Interview conducted by Jeff Burk
Photos by Jeff Burk, Ron Lewis and DRO files

Join us now as we pick up the conversation that DRO Editor Jeff Burk had with Don Schumacher and Lee Beard.

The part of the interview is wide-ranging including PRO (Professional Racers Organization), nitro fuel, racing at 1000 feet, nostalgia and more. Open and frank would be the way you would describe the rest of the Innerview.

In case you missed part 1, you can read it here!

DRO: How would you feel if NHRA came to you and said, “Look the funny car bodies are unrecognizable to anybody but you guys. Next year, we’re going to make you guys have body lines that are recognizable as that brand.” Would you have any trouble doing that?

LB: It’s just the expense of changing our current funny car body airshell that you buy from either Roush or Metalcrafters. It’s about $40,000 for today’s autoclave carbon fiber bodies, so you take that, you have to mount it, put the sheet metal work in it, a square on it, windows in it, paint on it; by the time you get a race-ready body today, you’re looking at sixty, seventy thousand dollars. Each team has about three bodies or so, it would be a huge expense to say “These things aren’t recognizable, they need to be changed,” so again, it’s not the right economic things to do.

DRO: Without a GM presence, and with Ford being the only ones supplying their own bodies….

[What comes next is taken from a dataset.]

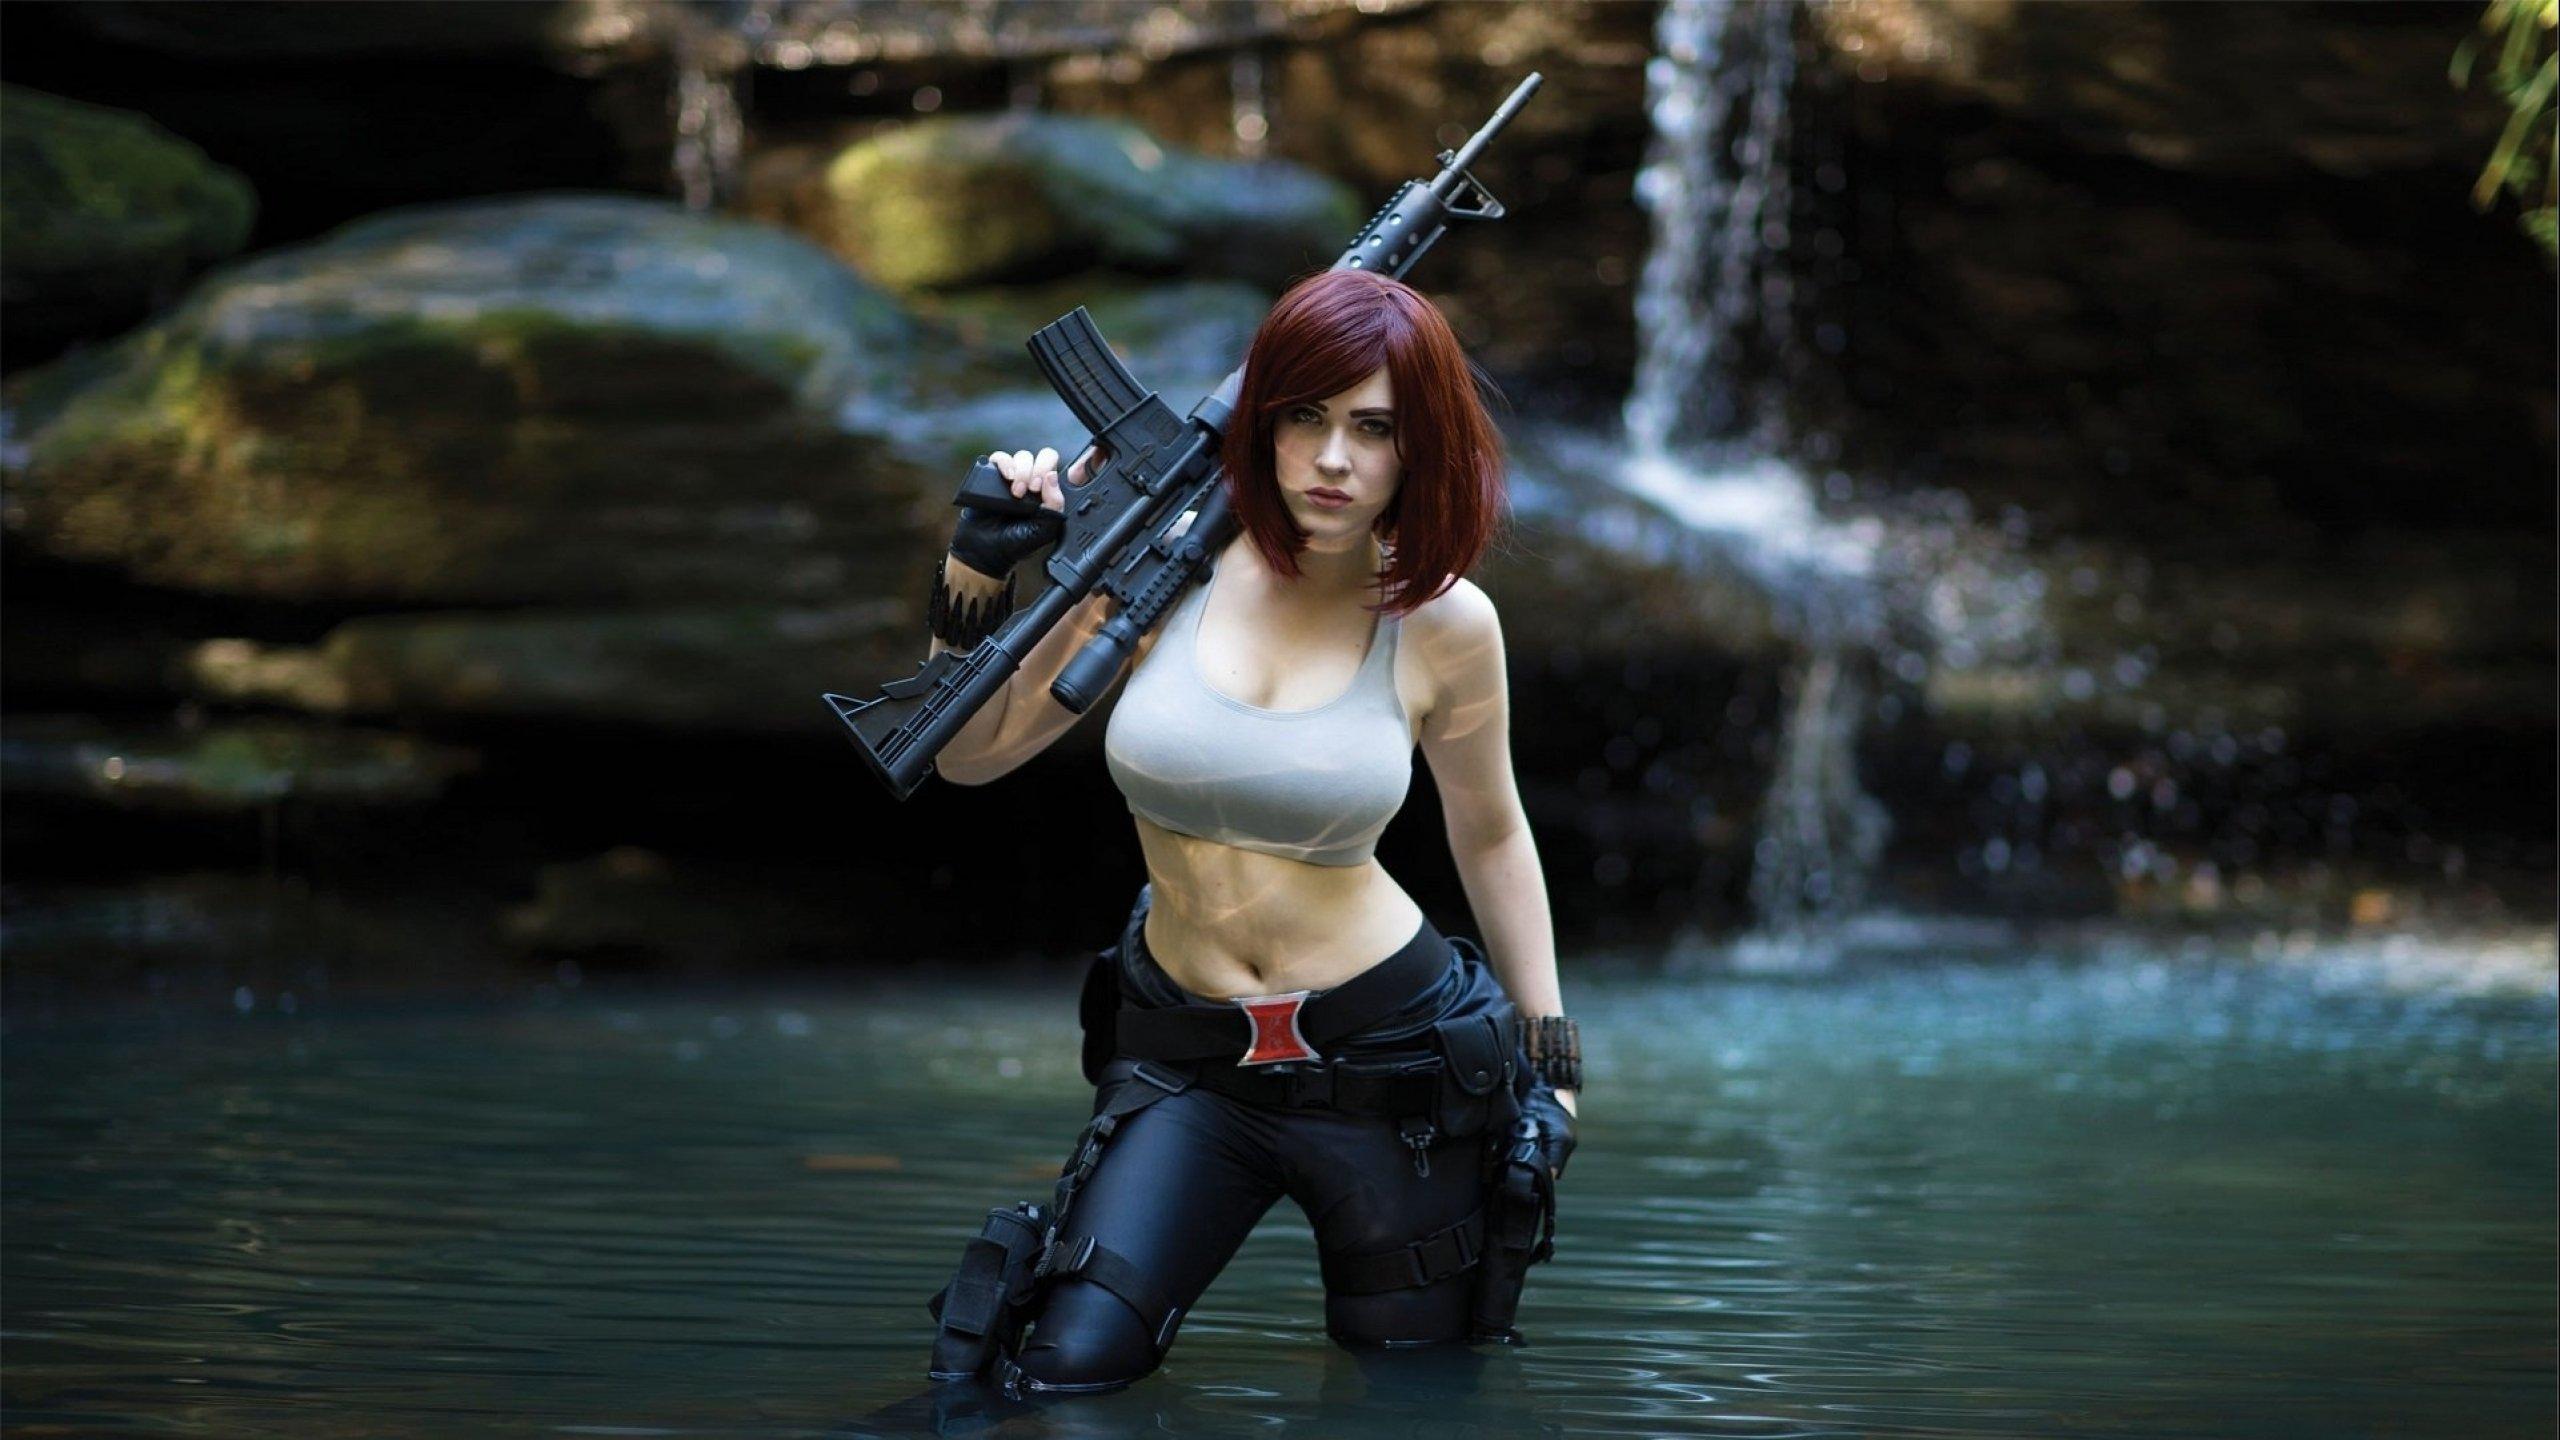 Love Asian girl gun wallpaper love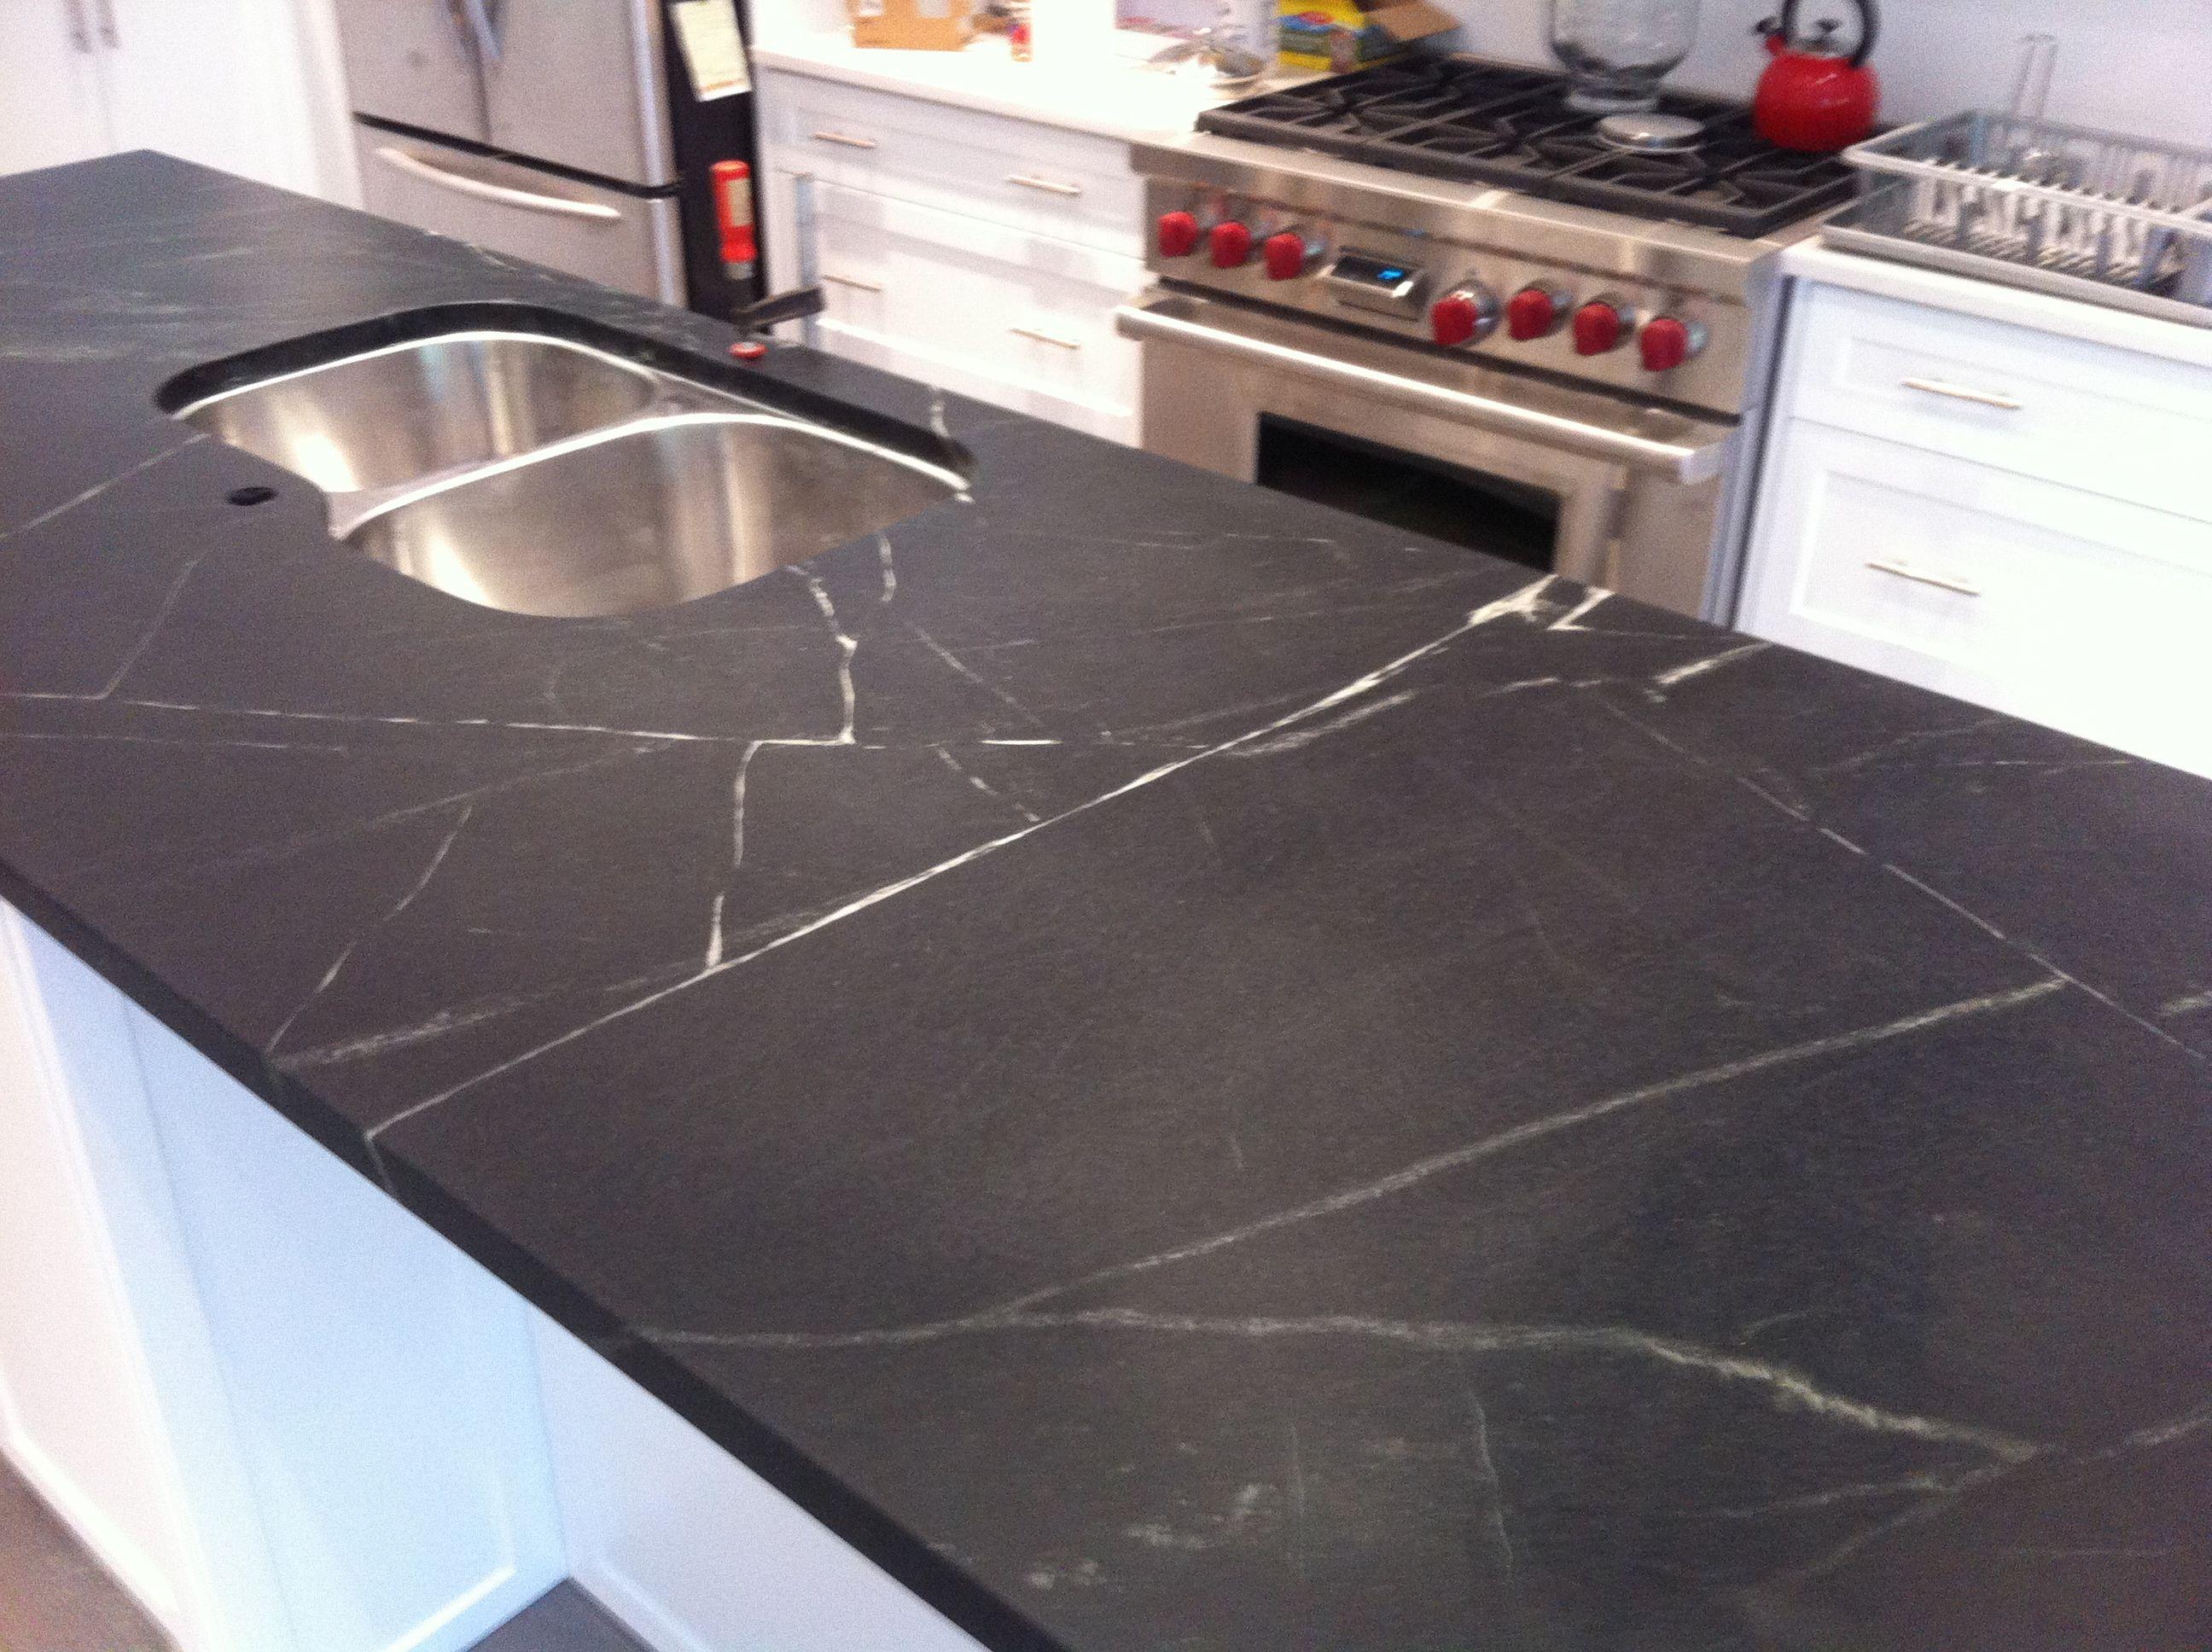 soapstone soapstone kitchen countertops Greensville Soapstone Company Barroca Soapstone Kitchen Island

LB: That’s a minor problem.

DRO: But do you see guys running their bodies longer now, instead of having a new body by Roush and designed by GM engineers every year, a new Pontiac….

LB: You’re not going to see that development because it’s such an expensive thing to do to design a body, to build the molds and produce the body. It’s a very expensive thing to do. Team owners aren’t going to fund that out of pocket; it’s always going to be funded by the car companies. So you’re not going to see a lot of body development. The fact is, the quality of the bodies being produced today is so good that they can be run multiple seasons on the same body.

DRO: So we’re not likely to see as many small changes that they’ve made in the wind tunnels, to try and make them faster. We may not see that kind of development any more?

LB: You don’t have that kind of development any more just because of the economic situation with the car companies.